The exact etiology of JIA is unknown but it’s believed to be multifactorial including genetic and environmental factors that lead to the imbalance favoring the production of pro-inflammatory cytokines, including interleukin-1β (IL-1β), interleukin-6 (IL-6), and tumor necrosis factor-alpha (TNF-α) in both serum and synovial fluid and therefore, the elevated synthesis of acute phase proteins, lipolysis and insulin resistance in adipose tissue.
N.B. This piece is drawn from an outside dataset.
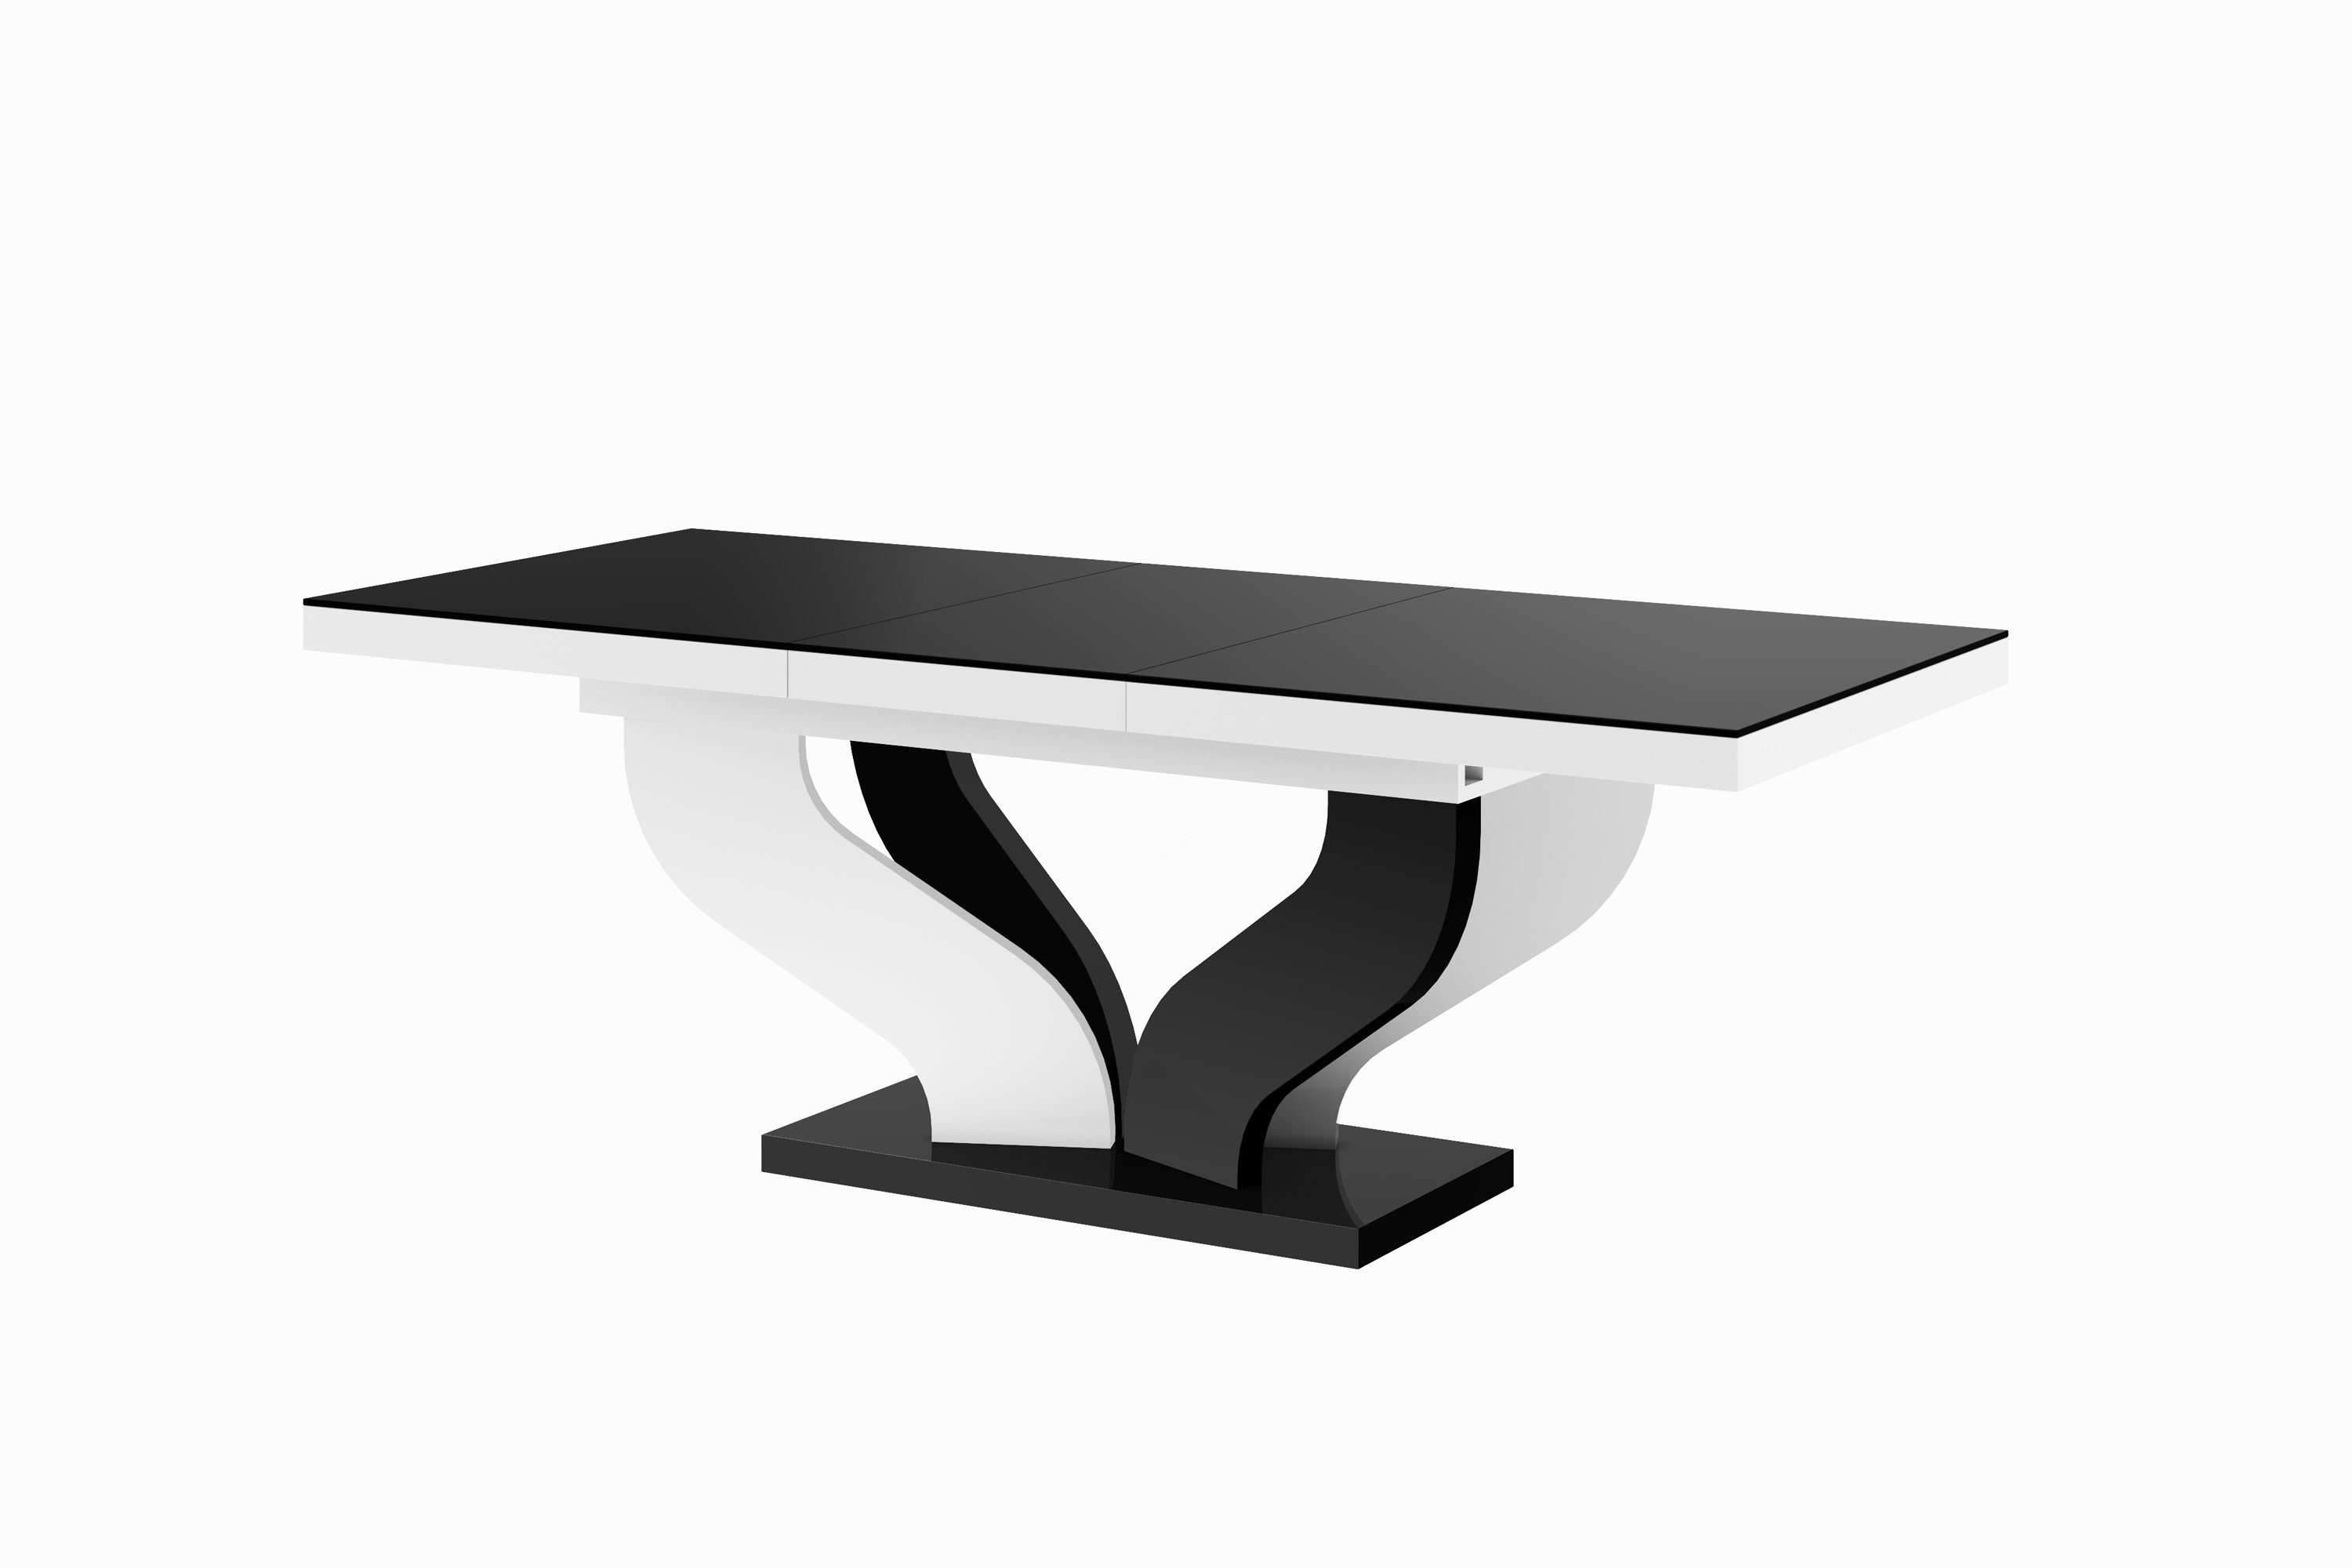 Tisch Hochglanz Hochglanz Hochglanz designimpex ausziehbar HEB-222 Schwarz Weiß Schwarz Weiß Design / / Esstisch 256cm bis 160

Vitamin D is a lipid-soluble prohormone that is vital for the maintenance of bone and muscle health and regulating both innate and adaptive immunity. Vitamin D exerts its function by binding with the vitamin D receptor (VDR).
Numerous polymorphisms have been identified in the VDR gene that causes many different diseases. Such polymorphisms could occur in allelic variants of VDR gene including Apa1 (allele A/a), Bsm1 (allele B/b), Taq1 (allele T/t) and Fok 1(allele F/f).
The aim of our study was to evaluate the influence of vitamin D receptor polymorphism on lipid profile in patients with juvenile idiopathic arthritis (JIA) and its relation to other disease clinical and laboratory parameters.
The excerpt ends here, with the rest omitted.